Celtic Culture Lingers
Galicia is sometimes called Spain’s Ireland because of its Celtic origins. The playing of bagpipes is common here. Each summer, the international Celtic music festival in Ortigueira attracts musicians from all the Celtic regions of Europe. The Celtic cross is a familiar sight throughout Galicia, and a dance called the muneira is similar to the Irish jig.
Galicia is four provinces of verdant, hilly land, geographically cut off from the rest of the country by poor communications and a rugged mountain range around its eastern flank and its southern border with Portugal.
Since prehistoric times, it has been characterized by a social and economic structure not typical of the rest of Spain.
Subsistence farming remains the norm in much of the interior of Galicia today.
And there lived Paulino Fernandez in his farmhouse with his fears.
Analysis of Crimes
“Paulino had been extremely worried about someone taking his land, but he faced no threat of any kind and had normal relations with neighbors,” said Sergio Vazquez Yebra, Fernandez’s lawyer and mayor of the nearby town of Chantada.

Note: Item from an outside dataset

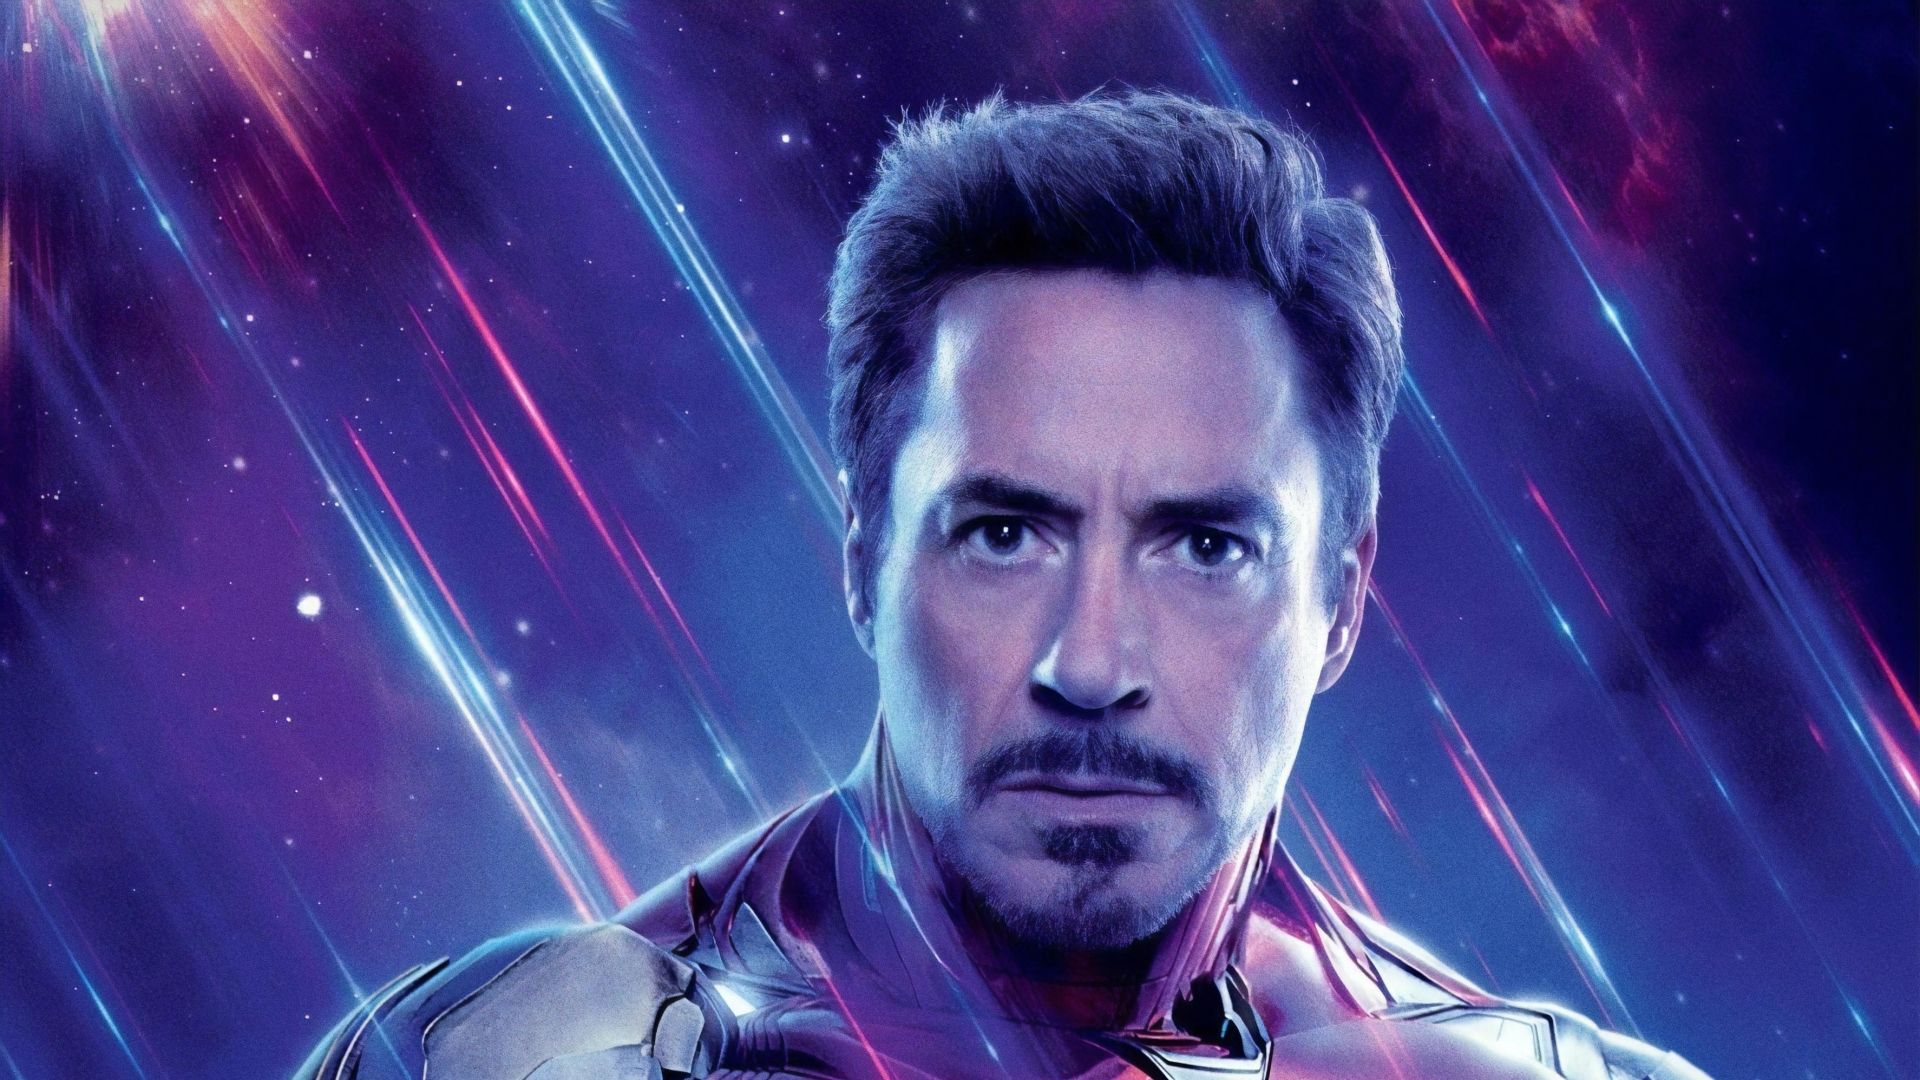 Iron Man in Avengers Endgame 1080P Laptop Full HD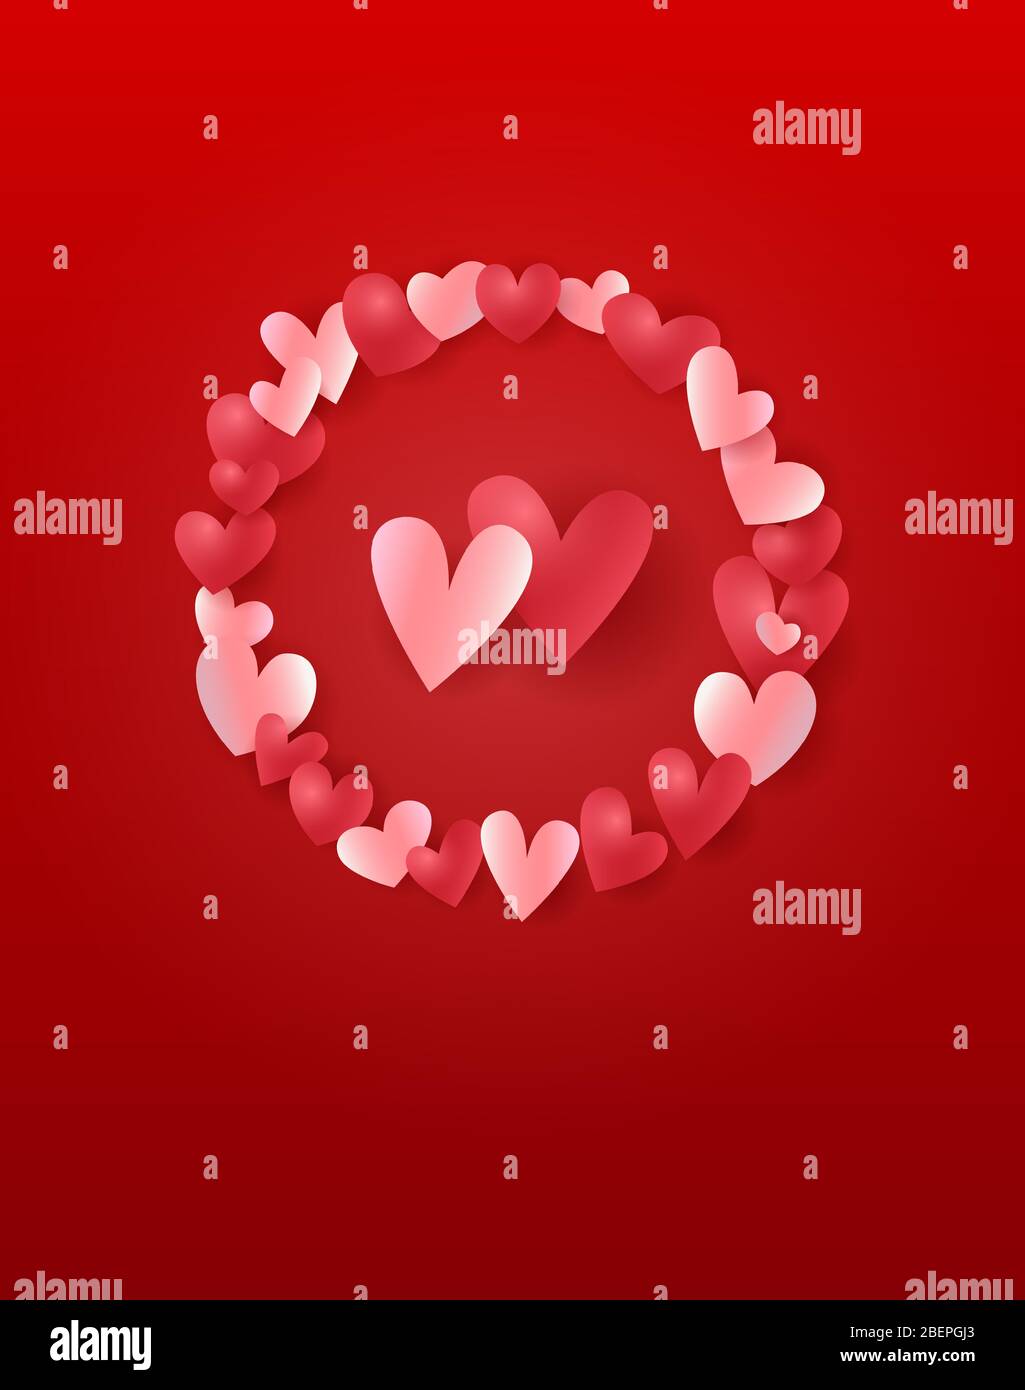 Valentinstags-Grußkarte, Vektorvorlage für Hochzeitstag oder Hochzeitseinladung mit Kopierfläche oben und unten. Stock Vektor

The Galician village is “a world subject to drastic transformations,” columnist Carlos Luis Rodriguez wrote in La Voz de Galicia, the region’s leading newspaper.
“The crime . . . is, in part, an expression of the daily dramas of rural Galicia that stun us because they shatter our ideal of the bucolic village.
“The Galician village is a genuine pressure cooker where all kinds of conflicts simmer over a low fire and where the modern and the ancestral crash into each other as if upon a breakwater.
“The peasant who listens to the sermon of the parish priest in the morning and watches ‘Dallas’ on television by the light of the hearth must necessarily suffer a shock due to the sudden clash between a world view proper of the last century with another that is an advance of that to come in the next century.”
Jobs Came and Went
Between 1950 and 1970, the region of 3 million people underwent rapid but incomplete industrialization, mainly involving shipbuilding and steel plants on the Atlantic Coast. Since then, however, more than 20,000 relatively new, high-paying jobs in these smokestack industries were lost, due to drastic restructuring forced by a decade-long recession that ended in 1984.
Galicia accounts for less than 6% of Spain’s gross national product, and agriculture still dominates the economy. Potatoes, corn, grapes and cabbage are the principal crops, and dairies here supply about 25% of the milk consumed by Spain’s 39 million people.
Paulino Fernandez’s obsession with his real estate rang true to the Galicians’ fabled bond with the earth and their legendary longing for the land it after they had emigrated to Latin America or, more recently, to West Germany or France.
An estimated 1 million Galicians, haunted by the specter of a dark future, left home in this century.
Among the best-known products of Galicia are Cuba’s Fidel Castro and Raul Alfonsin, the president of Argentina.
Other Spaniards see Galicians (los Gallegos) as melancholy, brooding and pessimistic people obsessed with death and witchcraft. They are also known for their cunning and their contradictory nature.